Issue 6 - Hyperbaric Medicine Today
Hyperbaric Medicine In South Africa

By: Dr. Frans J Cronje, MD, BSc(Hons) Aerosp Med. CHT

HBOT is not new to South Africa. Five of the leading national Government Hospitals acquired Vickers monoplace chambers over the period of 1960 to1983. HBOT was primarily used as a radio-enhancer for external beam radiotherapy during this time, and most of the hyperbaric chambers were therefore installed in the respective radiotherapy departments. HBOT was also occasionally used in the treatment of gas gangrene and necrotizing infections, but when the indication for radiotherapy became obsolete, most of these units closed down. Only the unit in Bloemfontein is still providing regular HBOT to this day. There are also five Naval recompression facilities, situated in the major coastal cities around the country and these have all occasionally treated patients with HBO over the past ten years. However, none of them provide a regular HBO service and are primarily available for naval dive operations and for treating occasional civilian cases of decompression illness.
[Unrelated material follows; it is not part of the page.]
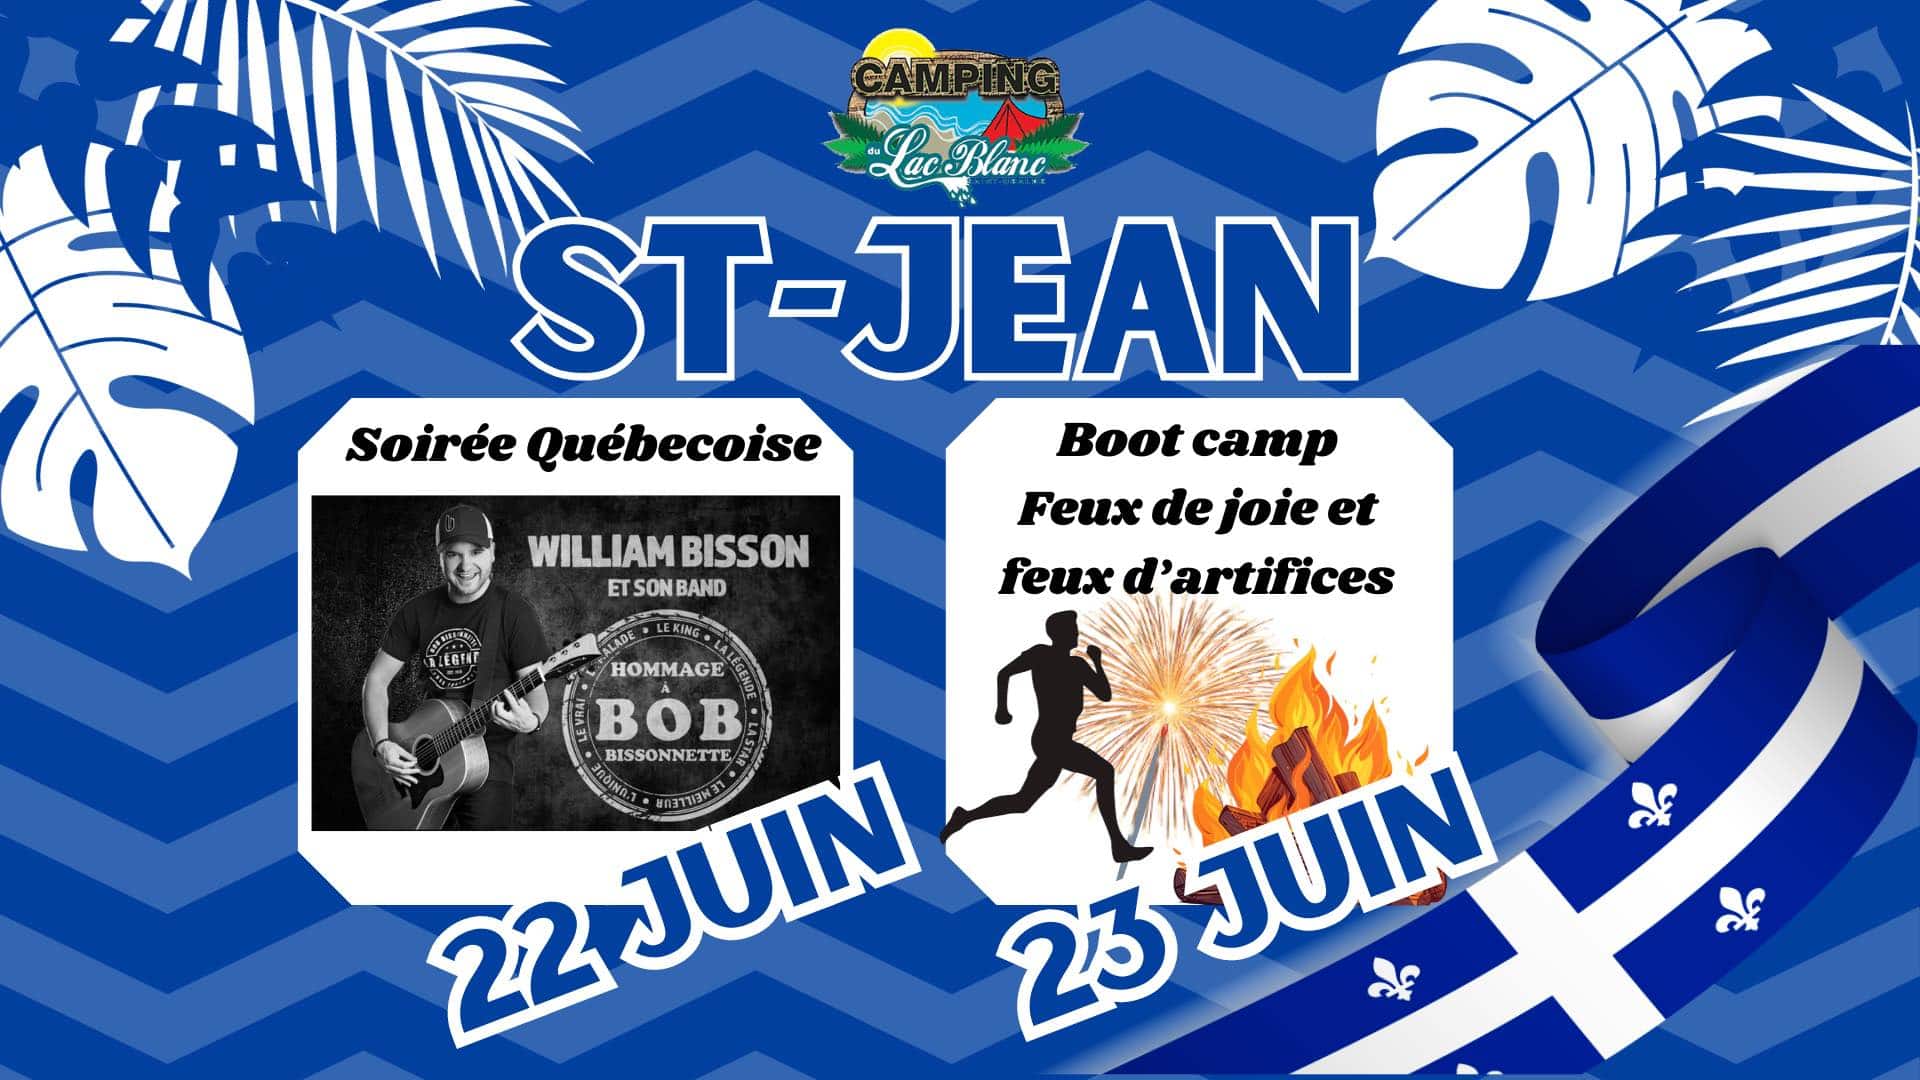 La St-Jean au camping du lac blanc, comprend une soirée Québecoise avec William Bisson - Hommage a Bob Bissonnette le 22 juin 2024 & Boot camp, Feux de joie et feux d'artifices le 23 juin 2024
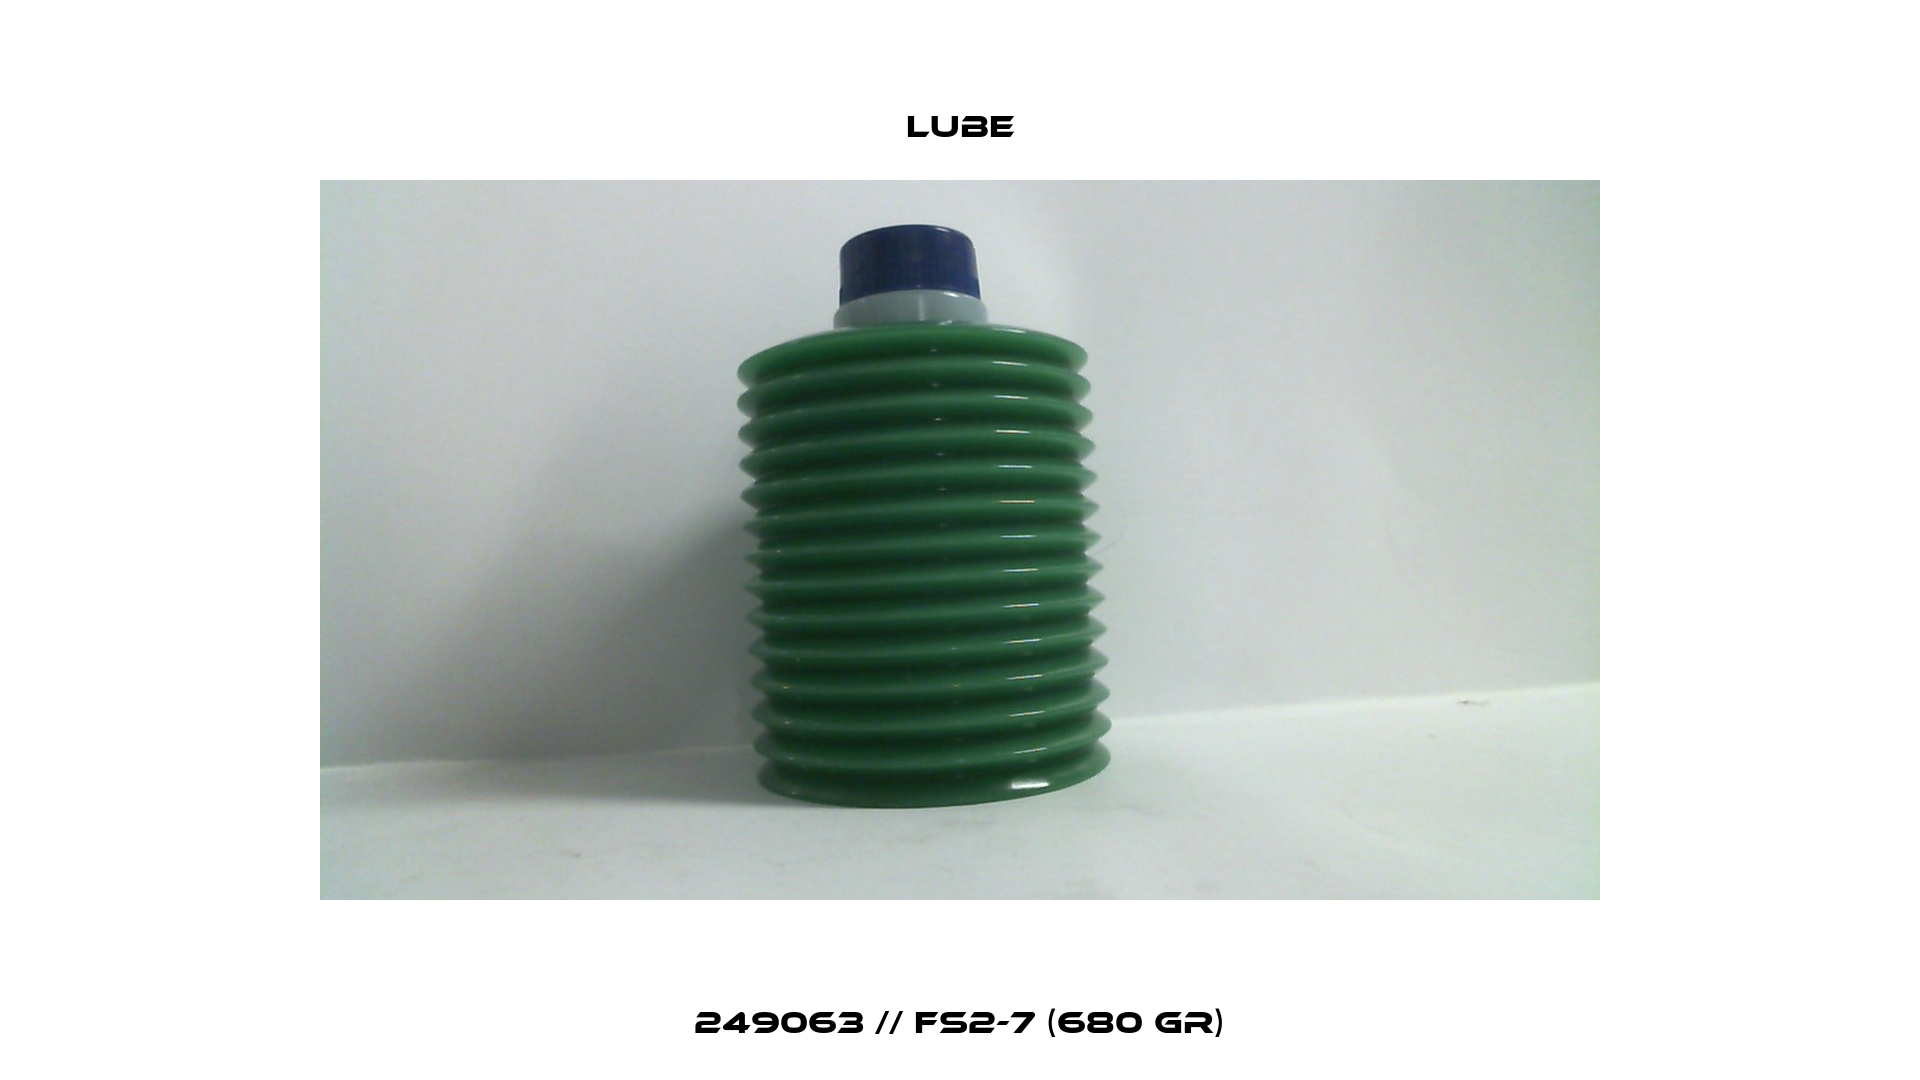 249063 // FS2-7 (680 gr) Lube

The recent revival in clinical hyperbaric oxygen therapy started in 1993 at the Institute for Aviation Medicine, a specialized unit in the South African Military Health Service (SAMHS). The small five-foot (1.5 meter) Draeger recompression chamber (formerly used to treat divers and aviators with decompression sickness) was employed by the author to treat a small number of patients with mandibular osteoradionecrosis, referred from Pretoria Academic Hospital. These few incidental treatments soon made way to what has become a full-time dedicated clinical HBO service, and the rapid growth required the installation of a larger chamber in 1996. This chamber (nicknamed “Miss Piggy” due to its apricot-peach color) increased the level of awareness of HBO, while the results obtained re-established recognition for the therapy. The author eventually resigned from the SAMHS in 1998 and opened the first private HBO facility at the Eugene Marais Hospital in Pretoria. Recently, three additional hospital-based, private, multiplace hyperbaric chambers have started up in South Africa, and one monoplace facility in Namibia. This development is once again making HBOT more readily available, and promoting its appropriate use in South Africa.

From 1983 to 1998, the UHMS indications were almost exclusively applied in South Africa, with the exception of isolated cases of multiple sclerosis in the early 1980’s and some sports injuries and problems with non-union and septic non-union of bone. However, in 1998 a parent-group in Pietermaritzburg initiated the use of low-pressure HBOT for the treatment of cerebral palsy. A total of nine informal CP-treatment chambers opened between 1998 and 2000. This urged the Southern African Undersea and Hyperbaric Medical Association (SAUHMA), the official scientific and peer-review organization for diving and hyperbaric medicine in this country - affiliated to the UHMS - to formalize safety, training and reimbursement standards for South Africa as a matter of urgency. Three of the former CP treatment facilities have since evolved towards becoming mainstream HBO facilities, while several others have closed down.

In 1997 the author developed the Diving and Hyperbaric Medicine Staff Training course (DHMSTC) which has since been designated by the UHMS as a sponsored introductory course in hyperbaric medicine. A Clinical Hyperbaric Chamber Operator’s Course (CHCOC) was subsequently developed and these two courses have been endorsed by SAUHMA as forming the minimum recommended training for the practice and application of HBOT. Through the efforts of SAUHMA, the DHMSTC, CHCOC, NFPA 99 Chapter 19 Safety Guidelines for Hyperbaric Facilities, as well as the UHMS documents on multiplace and monoplace chamber safety have been accepted and adopted in South Africa. Recently, Francois Burman, a South African mechanical engineer and technical advisor of SAUHMA published a Risk Assessment Guide for Recompression Facilities through the International Divers Alert Network. This reference is likely to become an international hyperbaric safety benchmark and forms the basis of the evolving South African Bureau of Standards’ statutory safety and standards document on hyperbaric chambers.